Australians on the Western Front 1918 Volume Two: Spearheading the great British offensive by David W. Cameron - Book Review

About Marcus Fielding

Colonel Marcus Fielding was born and raised in Melbourne. He joined the Australian Army in 1983, graduated from the Royal Military College, Duntroon in December 1986, and was commissioned into the Royal Australian Engineers. He has held a variety of command, staff and instructional appointments and has served on operations in Pakistan, Afghanistan, Haiti, East Timor and Iraq. Colonel Fielding recently transferred from the full-time to part-time service with the Australian Army and is currently the President of MHHV and the President of the Camberwell RSL

In this, the second in a two-volume series, Cameron tells the story of Australian troops on the Western Front from May to November 1918. He covers Monash’s taking command of the Australian Corps, the lead up and conduct of the Battle of Hamel (4 July), the Battle of Amiens (8-12 July), the Battle for Mont St Quentin and Péronne (31 August – 3 September), the battles for the Hindenburg Outpost Line (18 September) and the Hindenburg Line (29 September) culminating with the capture of Beaurevoir and Montbrehain (3-5 October).

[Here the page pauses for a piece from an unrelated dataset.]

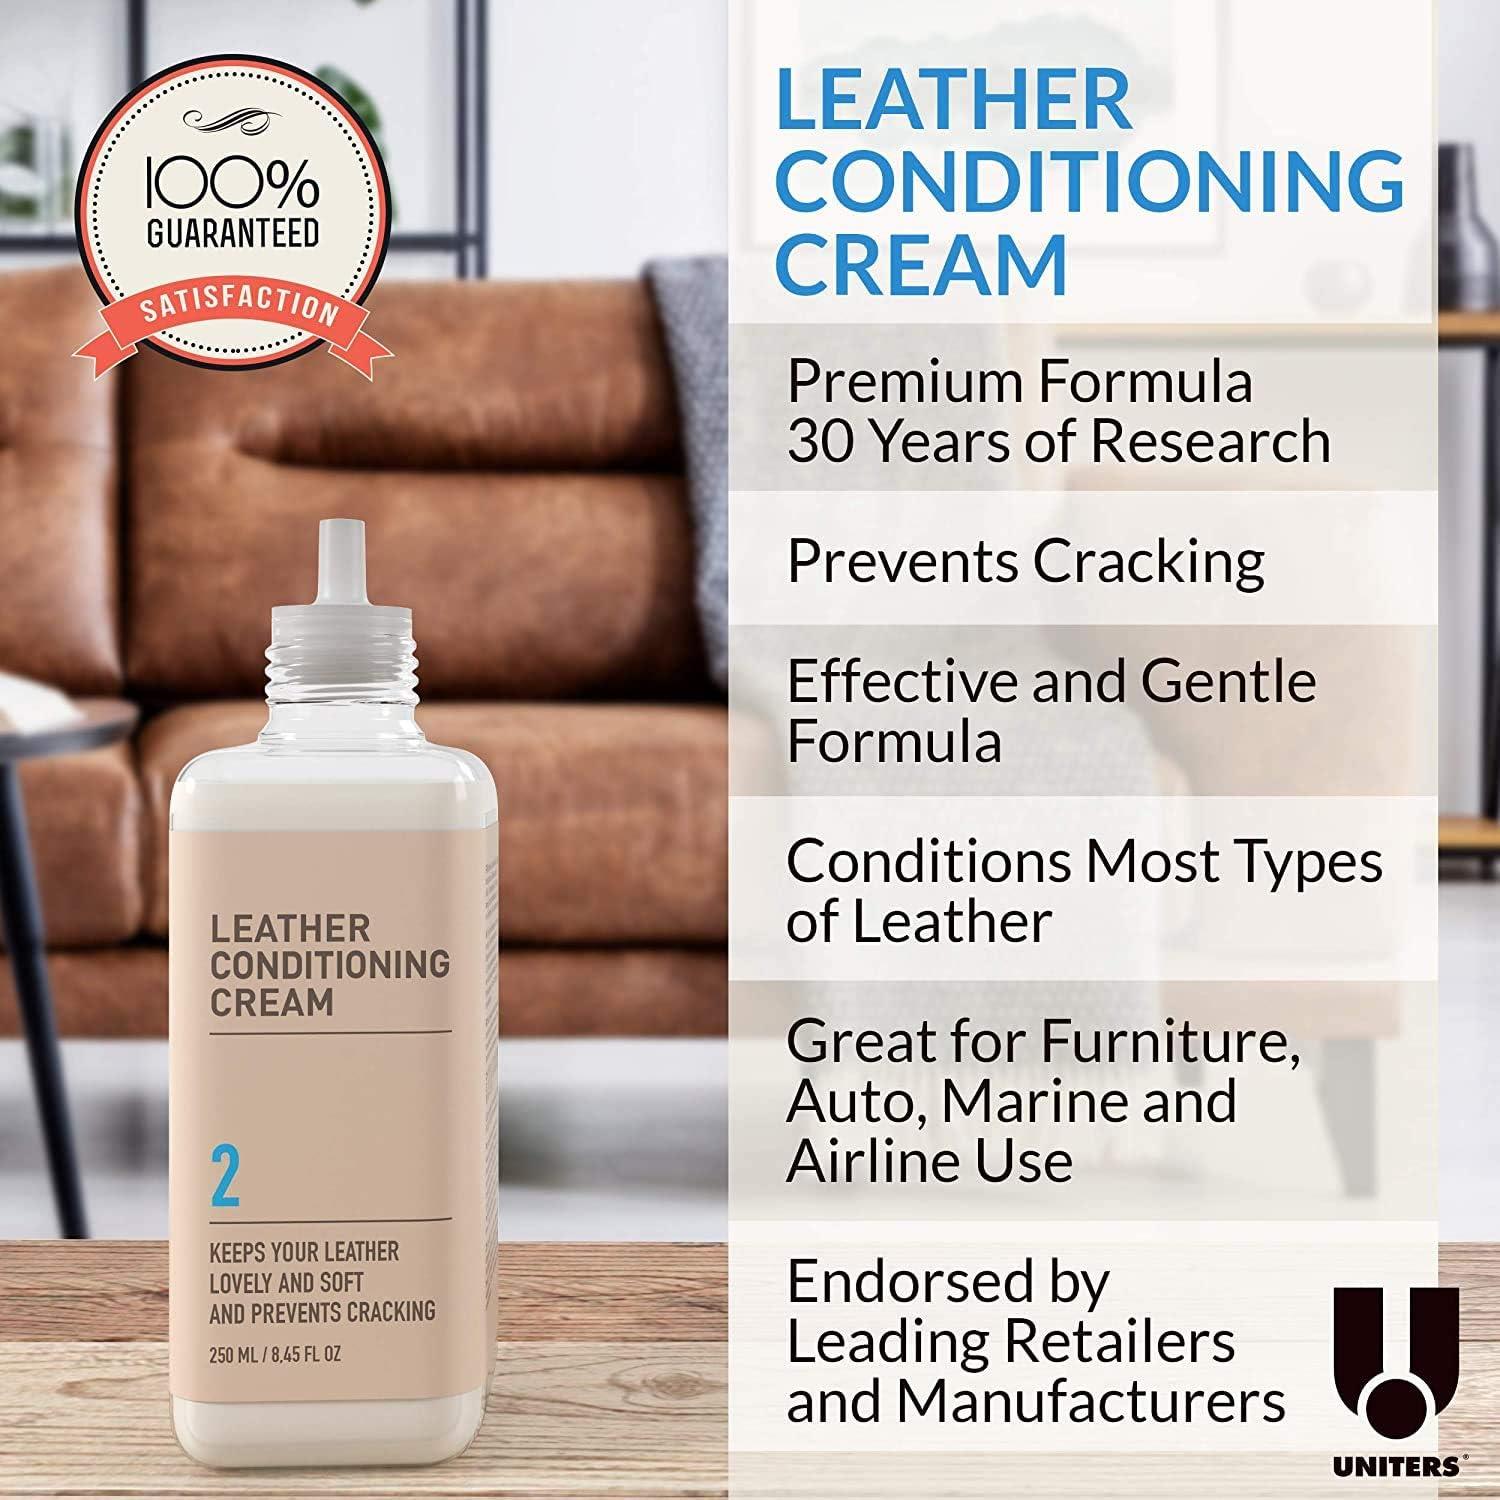 Premium Leather Care Cream

Penguin Viking: Melbourne; 2018; 560 pp.; ISBN 9780670078288 (paperback); RRP $34.99

Penguin Viking: Melbourne; 2018; 560 pp.; ISBN 9780670078288 (paperback); RRP $34.99

Cameron recounts the military successes and challenges of the Australian Corps, during which many troops tragically lost their lives just as the war was finally drawing to a close. Ultimately, however, the breaking of the Hindenburg Line by Australian, Canadian, British and American troops delivered a crucial blow to the German army, who entered into an armistice with the Allies one month later. This book bears witness to the sacrifice and victories of the Australian Corps, which acted as ‘shock troops’ for the British Expeditionary Force despite their ongoing casualties and dwindling reinforcements.

Cameron once again draws on the diaries and letters of the participants to weave together a dynamic narrative around the significant moments that marked the defeat of the German Army, placing their actions within the broader strategic context. Cameron also covers the significant role that units from the American Expeditionary Force played as part of the Australian Corps in this period. His account strikes a good balance between being informative and entertaining.

Cameron completed his PhD in biological anthropology at the Australian National University and is a former Australian Research Council QEII Fellow at the Department of Anatomy and Histology, University of Sydney. He is the author of several books on Australian military history and primate evolutionary biology and has published over 60 papers in internationally peer-reviewed journals.

The book includes: 16 pages of black-and-white images; eight good quality maps to illustrate the movement of units in several battles; the order of battle of the Australian Corps down to infantry battalion level in mid-September 1918; extensive notes; a list of references; and a detailed index. The book’s publication is timely as we reflect on the final year of the Great War and Australia’s part in it.